Benefit of clergy, privilegium clericale, being now wholly abolished,* the law on the subject is of little more use now than as a matter of history or curiosity. It had its origin in the pious regard paid by Christian princes to the church in its infant state, and the ill use which the Romish clergy made of that piety. The exemptions which their piety induced them to make, were principally of two kinds: 1. Exemption of places consecrated to religious duties from criminal arrests, which was the foundation of sanctuaries. 2. Exemptions of the persons of the clergy from criminal process before a secular judge, in a few particular cases, which was the true original and meaning of the benefit of clergy. "The wisdom of the English legislature having, in the course of a long and laborious process, extracted by a noble alchymy rich medicines out of poisonous ingredients; and converted by gradual mutations, what was at first an unreasonable exemption of particular popish ecclesiastics, into a merciful mitigation of the general law, with respect to capital punishment." But as the clergy have their privileges, so also they have many disabilities,

* 7 & 8 Geo. IV., c. 28.

on account of their spiritual avocations. The clergy are incapable of sitting in the house of commons, because they sit in the convocation, which is in fact part and parcel of the parliament. A committee of the house of commons in 1785, decided that a gentleman, who had been regularly admitted to deacon's orders, was incapable of being a member of that house. Many of the arguments in that case might with equal force be urged for the admission or exclusion of a person in priest's orders. The chief authorities for the exclusion of the clergy, are certain entries in the journals of the house of commons, where it is urged that persons returned being clerks, they either have or might have a voice in the house of convocation. Lord Coke says, "that none of the clergy, though they be of the lowest order, are eligible, because they are of another body, that is, of the convocation;" and he refers to an entry in the commons' journals. But besides these authorities, there are canons of the church which prohibit the clergy from voluntarily relinquishing the office of a deacon or minister, from using themselves in the course of their lives as laymen, and from exercising secular jurisdictions. Mr Woodesdon has observed,† that the arguments from the convocation ought not to be urged against unbeneficed clergymen, as they can neither sit in the convocation, nor vote for the proctors or representatives in convocation.

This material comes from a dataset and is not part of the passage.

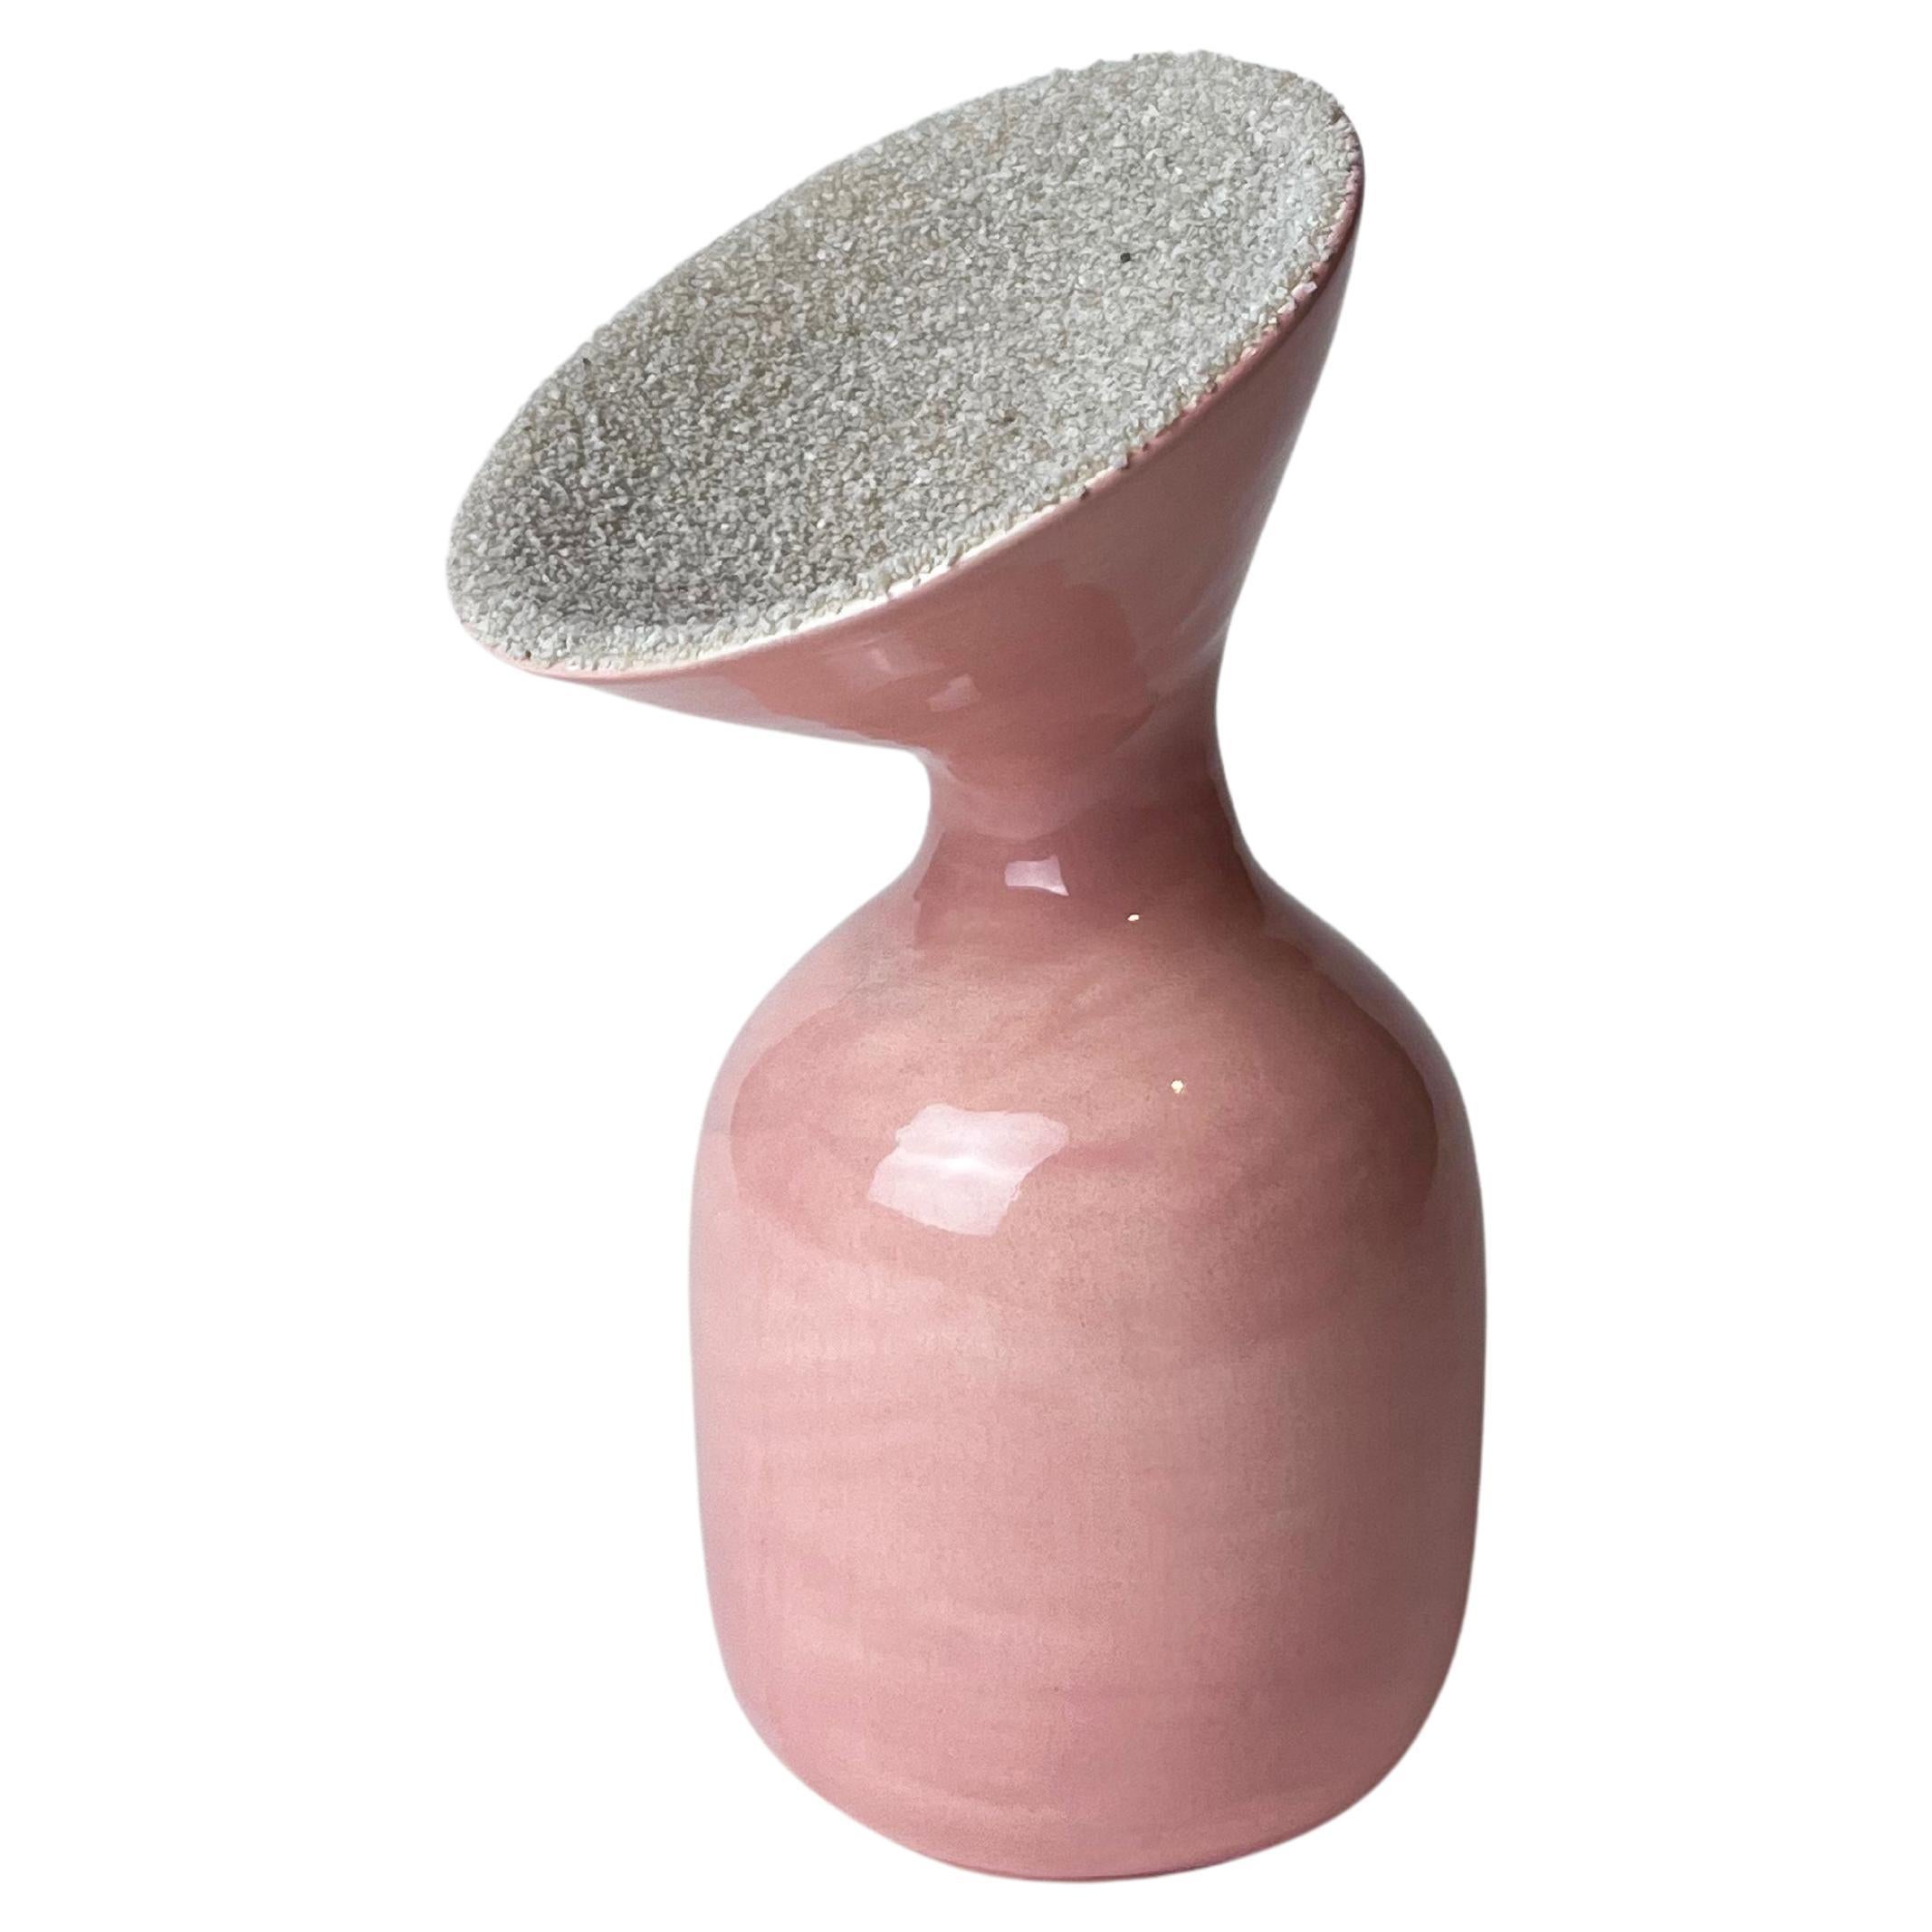 Small glazed ceramic vase with double finish

The same reason for disqualifying the inferior clergy from sitting in the house of commons, were it good, might be applied for the exclusion of the bishops from the house of lords, because they sit of right in, and form the upper house of convocation, to which they are summoned by the king's writ, and are not elected like the members of the lower house of convocation. It frequently happens that a lay peerage descends to a clergyman in priest's orders: but it has never been supposed, even although he should obtain a benefice, that his sacred character would disable him from taking his seat in the house of peers. Until the Reformation, twenty-nine of the regular clergy, abbots and priors, who were dead in law to most other purposes, had seats in the house of lords in consequence of the lands which they held in capite of the crown. In Scotland, the three estates sat and voted together in one chamber. It would have been unaccountable, if by the common law holy orders had excluded one of these estates from parliament, and not the others; but both in Scotland and Ireland, the clergy were declared to be ineligible by statute; by which we may clearly infer, that without the authority of an act of parliament, the clergy would of common right have participated in this privilege with other subjects. Mr Hody very justly calls the argument drawn from the convocation a new pretence, which was resorted to in the time of queen Mary of bloody memory, in order to exclude some protestant clergy from the house of * 4 Inst. 47. t1 Gibs. Cod. 180. 184. Wight, 293. Lord Mountm. 50.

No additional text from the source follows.